Dr. Han aims to fill that gap with an innovative approach to treatment. His lab, the Han Laboratory for Cell-Instructive Biomaterials and Regenerative Engineering, which is focused on technologies that promote musculoskeletal soft tissue regeneration, has received an FY23 Applied Research Award from the Department of Defense to develop an injectable protein-releasing hydrogel patch that has the potential to prevent, or even reverse, rotator cuff muscle degeneration.

The hydrogel patch will steadily release a protein called WNT7A, which plays a key role in embryo development and homeostasis of skeletal muscle. Previously, Dr. Han conducted a study demonstrating that, when delivered using a hydrogel patch, this protein has the ability to simultaneously reduce fatty infiltration and muscle wasting, which suggests therapeutic potential for rotator cuff muscle disease. The results of his study, “WNT7A suppresses adipogenesis of skeletal muscle mesenchymal stem cells and fatty infiltration through the alternative Wnt-Rho-YAP/TAZ signaling axis,” were published April 11, 2023 in Stem Cell Reports.

“We have isolated endogenous muscle cells that turn into adipocytes or fat cells in the skeletal muscle in a dish and successfully treated them with the WNT7A protein to prevent them from turning into adipocytes,” Dr. Han says. “We also found that it worked in vivo, but the models we worked with do not reflect what happens in a clinically relevant injury model, which is what we are assessing now.”

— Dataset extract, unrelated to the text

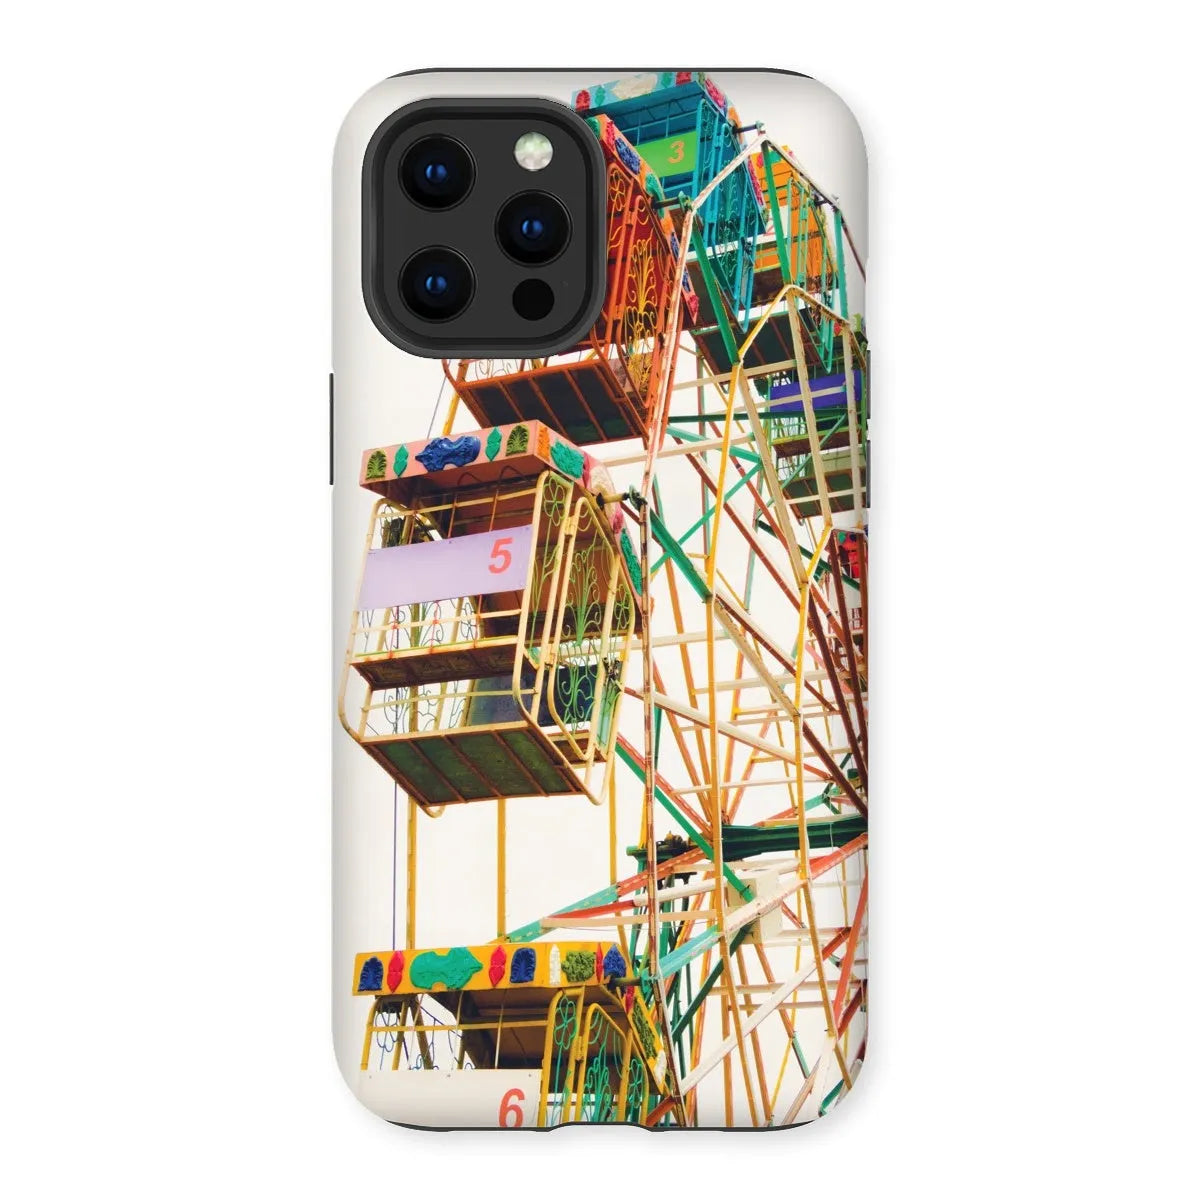 Wheel Of Fortune Tough Phone Case - Iphone 12 Pro Max / Matte - Mobile Phone Cases - Aesthetic Art

Preventing and Reversing Muscle Degeneration

In his upcoming study, Dr. Han is using mouse models to simulate rotator cuff injuries and deliver the protein-releasing hydrogel therapeutic to evaluate its potential for preventing muscle degeneration and, at a later point, to see whether it reverses degeneration. He believes delivering the protein using the synthetic hydrogel, which he developed during his postdoctoral fellowship training at the Georgia Institute of Technology, will result in long-term treatment with enhanced regenerative outcomes. Such results, he notes, are not possible using traditional intramuscular injections, which are associated with high-dosage requirements, rapid clearance, instability, and short half-life. This could be beneficial for individuals at high risk for rotator cuff injuries, such as active-duty service members.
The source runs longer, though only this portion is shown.